まずは相手を鏡の世界に閉じ込め、そこから徐々にこちらのオリジナルの技を混ぜ、平衡感覚を奪う。
作戦は順調に進み、一セット目のゲームポイントが決まる。
日陰 8-11 鏡宮
しかし、作戦がこれ程までに上手く決まったのにも関わらず、想像よりも点差は広がらなかった。流石と言うべきか、日陰鳴は既に、自身のコピーを相手にその恐るべき成長速度で順応し始めているようにさえ思えた。
その懸念は、すぐさま確信へと変わる。
ニセット目は私のサーブから始まる。
相手の得意技でもあるスナップを効かせた下回転系のサーブに、視線のフェイントをおり混ぜ、ほんの僅かに本家とはタイミングをずらしたサーブを繰り出す。
「ちっ、めんどーだな」
日陰鳴はそう言って、一セット目では一度も見せなかったバックハンドを振り抜いた。
データの少ない動きから繰り出される強烈な一打が私のラケットを置き去りにした。
中国式ペンと日本式ペンの最大の違いであり、最大の武器でもある裏面打法をこのタイミングで使ってくるか。

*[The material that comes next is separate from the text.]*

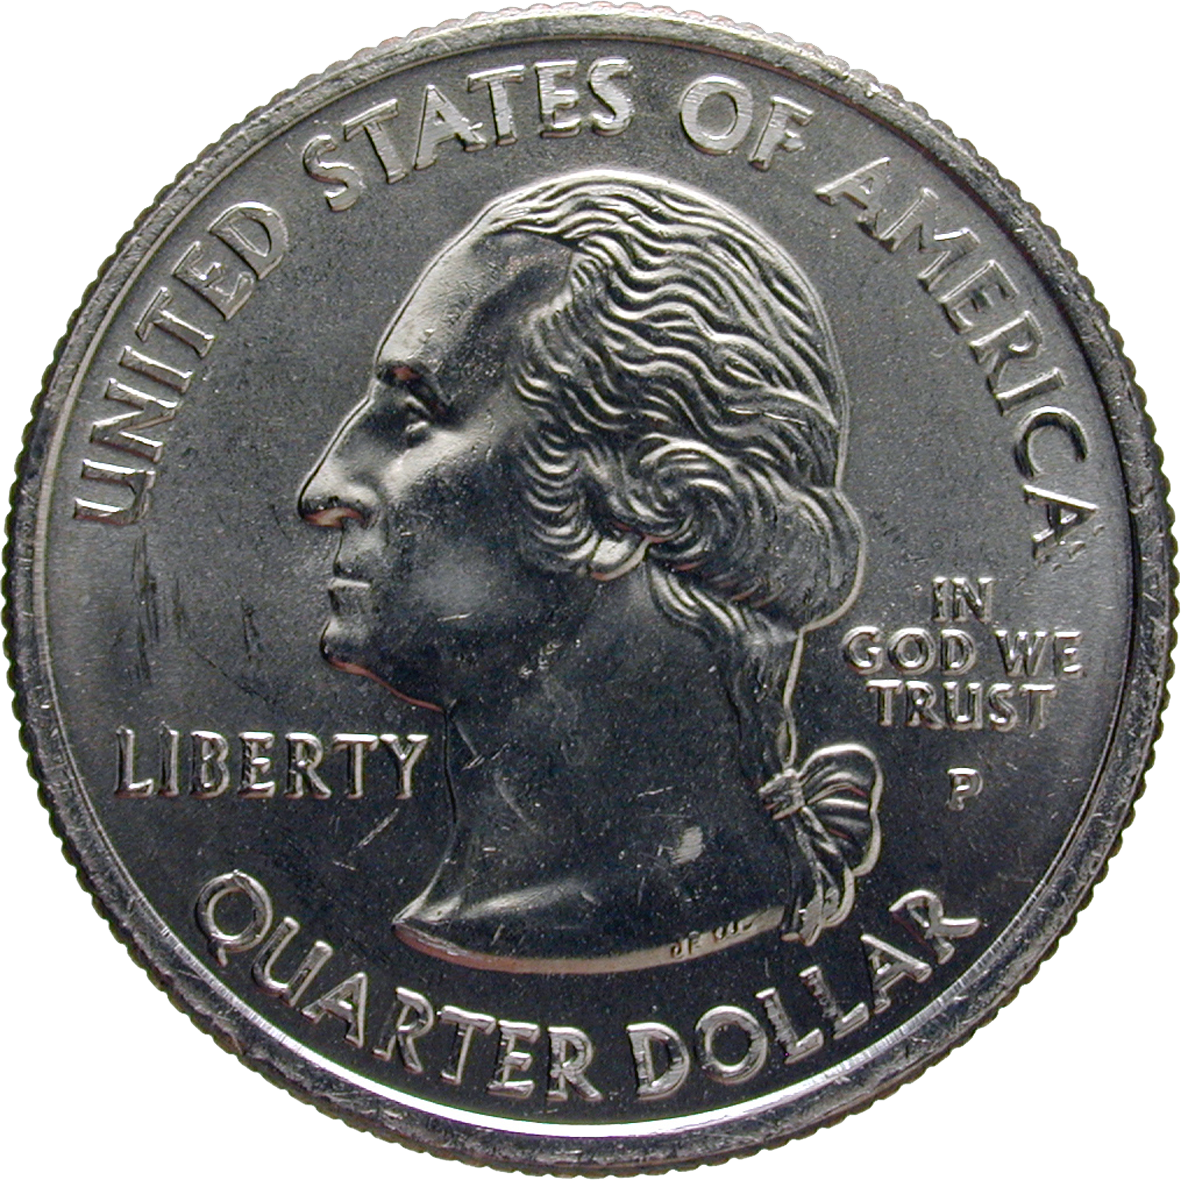 United States of America, Quarter Dollar 2007 (obverse)
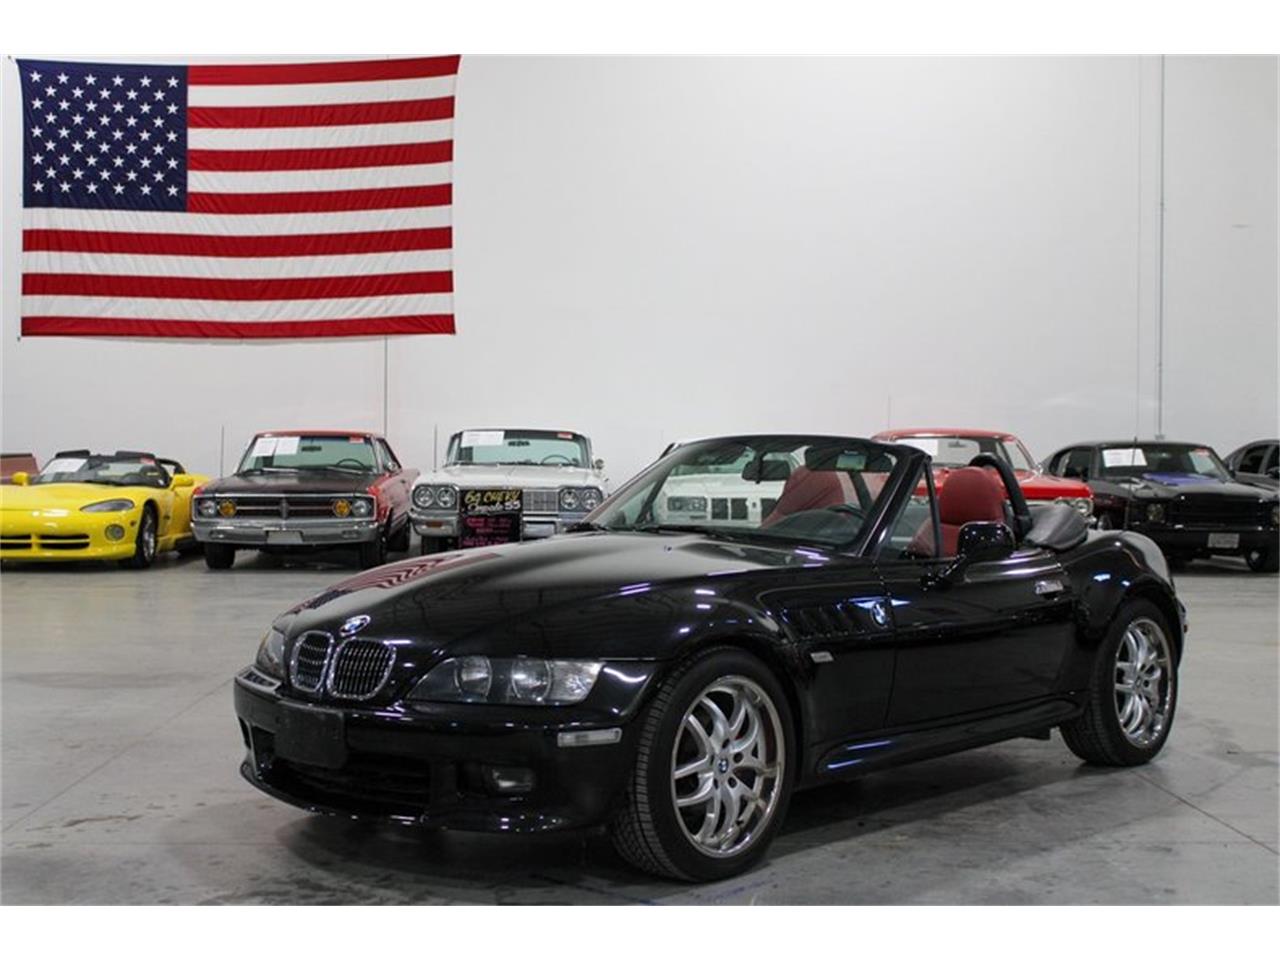 For Sale: 2002 BMW Z3 in Ken2od, Michigan for sale in Grand Rapids, MI

勝負処を勘で理解するタイプの選手なのだろう。実に厄介。だがしかし、こんな所で負けるわけにはいかない。
私が負けを嫌う理由は実に単純。
忘れる事が出来ないからだ。
積み重なっていく記憶は風化することなく居座り続ける。
その恐怖すら想像した事の無い人間に負けることなど、納得がいかない。
ならば、そもそも、こんな舞台に立たなければ良いのだろう。
けれど、私にはラケットを手放せない理由があった。
姉が握っていたかったはずのものを、私がおいそれと諦めるわけにはいかないからだ。
それを楔と呼ぶ人もいるのだろう。
私はそれを契りと呼ぶ。
例えそれが一方的な約束で、自己満足なのだとしても。
何一つ忘れられない私にとっての、ただ一つの永遠の誓いなのだから。